Run inside the data collection environment:
source .venv_data_collection/bin/activate
python gear_sonic/scripts/process_dataset.py \
--dataset-path outputs/2026-04-03-14-30-00-G1-robot01 \
--output-path outputs/my_task_cleaned
Merge sessions:
python gear_sonic/scripts/process_dataset.py \
--dataset-path outputs/session1 outputs/session2 outputs/session3 \
--output-path outputs/my_task_merged
Or use a list file:
cat > datasets.txt <<'TXT'
outputs/session1
outputs/session2
outputs/session3
TXT
python gear_sonic/scripts/process_dataset.py \
--dataset-list datasets.txt \
--output-path outputs/my_task_merged
If you only want to merge and skip stale SMPL removal:
python gear_sonic/scripts/process_dataset.py \
--dataset-list datasets.txt \
--output-path outputs/my_task_merged_no_clean \
--no-remove-stale-smpl
Normally you should not use --no-remove-stale-smpl unless you know the stale detector is removing valid data.

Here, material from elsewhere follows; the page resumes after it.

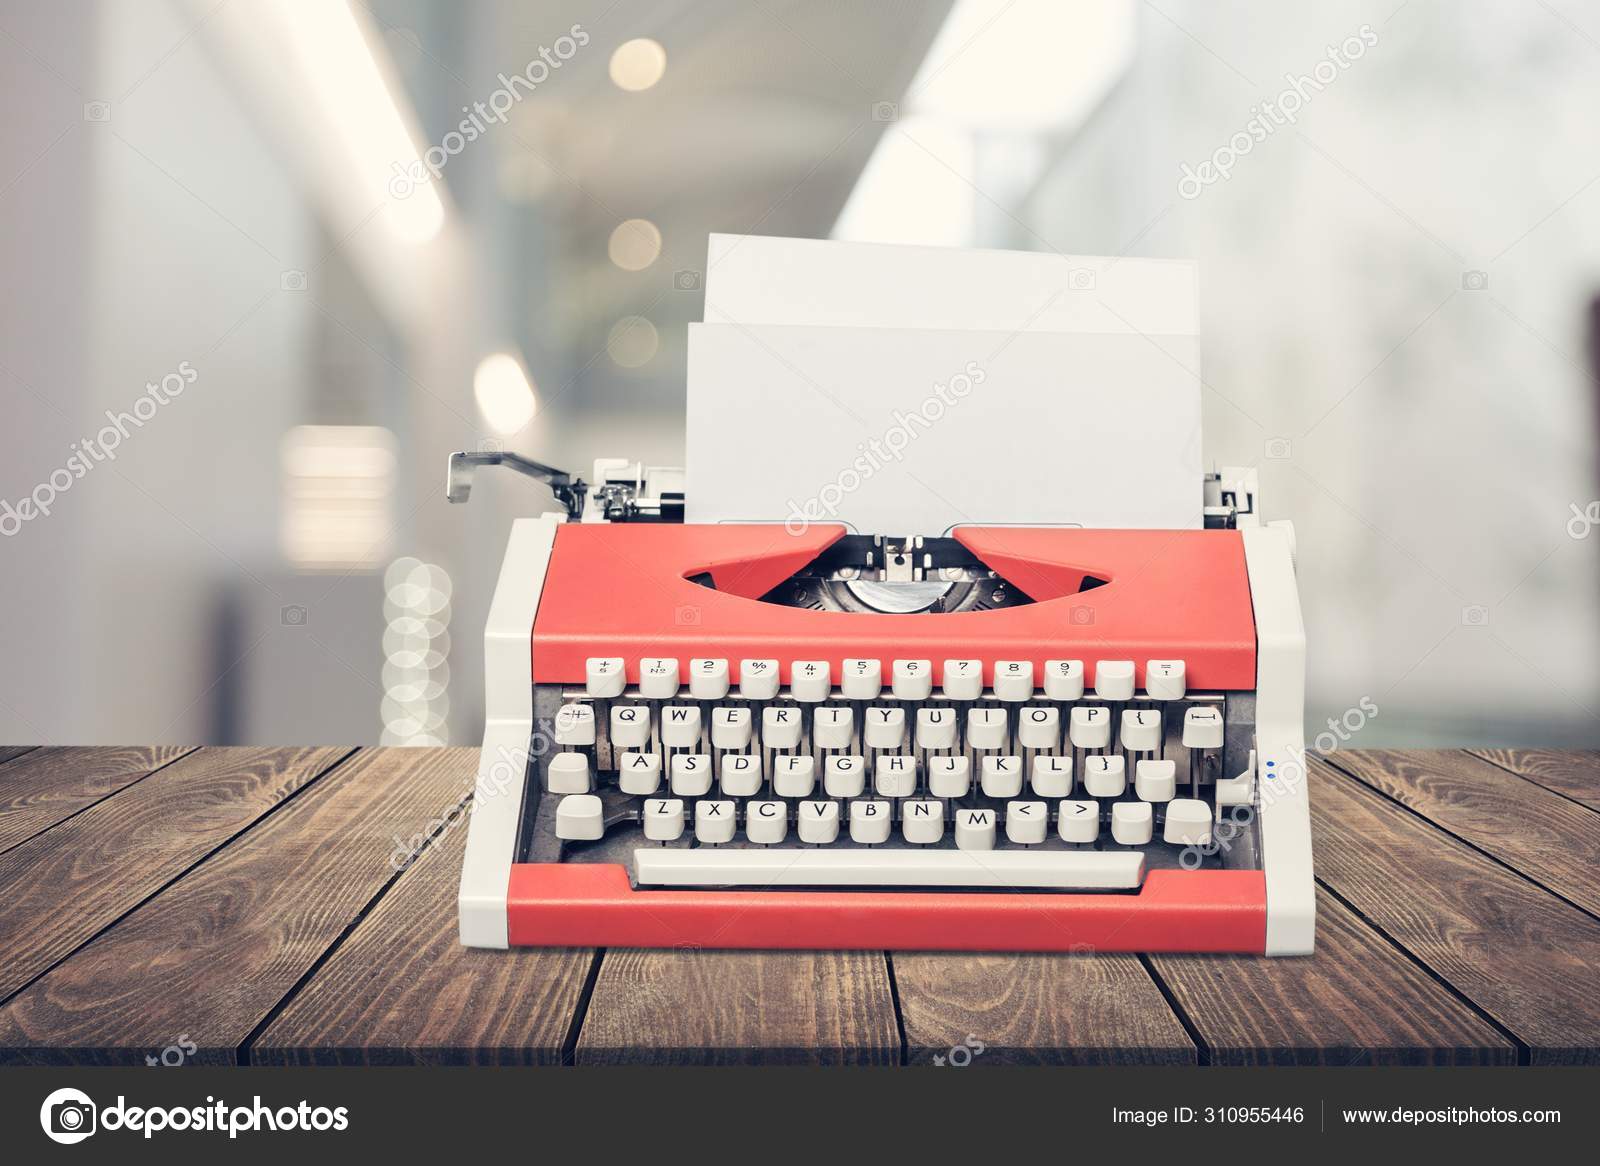 Typewriter Paper

Verify After Post-Processing
cd Isaac-GR00T
export REAL_DATASET=/abs/path/to/GR00T-WholeBodyControl/outputs/my_task_cleaned
uv run python tools/verify_groot_lerobot_dataset.py "$REAL_DATASET"
python -m json.tool "$REAL_DATASET/meta/modality.json" | head -120
Check video:
find "$REAL_DATASET/videos" -name "*.mp4" | head -5
ffprobe "$(find "$REAL_DATASET/videos" -name '*.mp4' | head -1)"
Check parquet:
uv run python -c "from pathlib import Path; import os, pandas as pd; root=Path(os.environ['REAL_DATASET']); p=sorted((root/'data').rglob('*.parquet'))[0]; df=pd.read_parquet(p); print(p); print(df.head()); print(df.columns.tolist())"
Train With Real Data
Before training, run the same preflight pattern from Part 1:
cd Isaac-GR00T
uv run python gr00t/experiment/launch_finetune.py --help | \
grep -E "dataset|embodiment|modality|base-model|max-steps|num-gpus"
test -d "$REAL_DATASET"
test -f "$REAL_DATASET/meta/modality.json"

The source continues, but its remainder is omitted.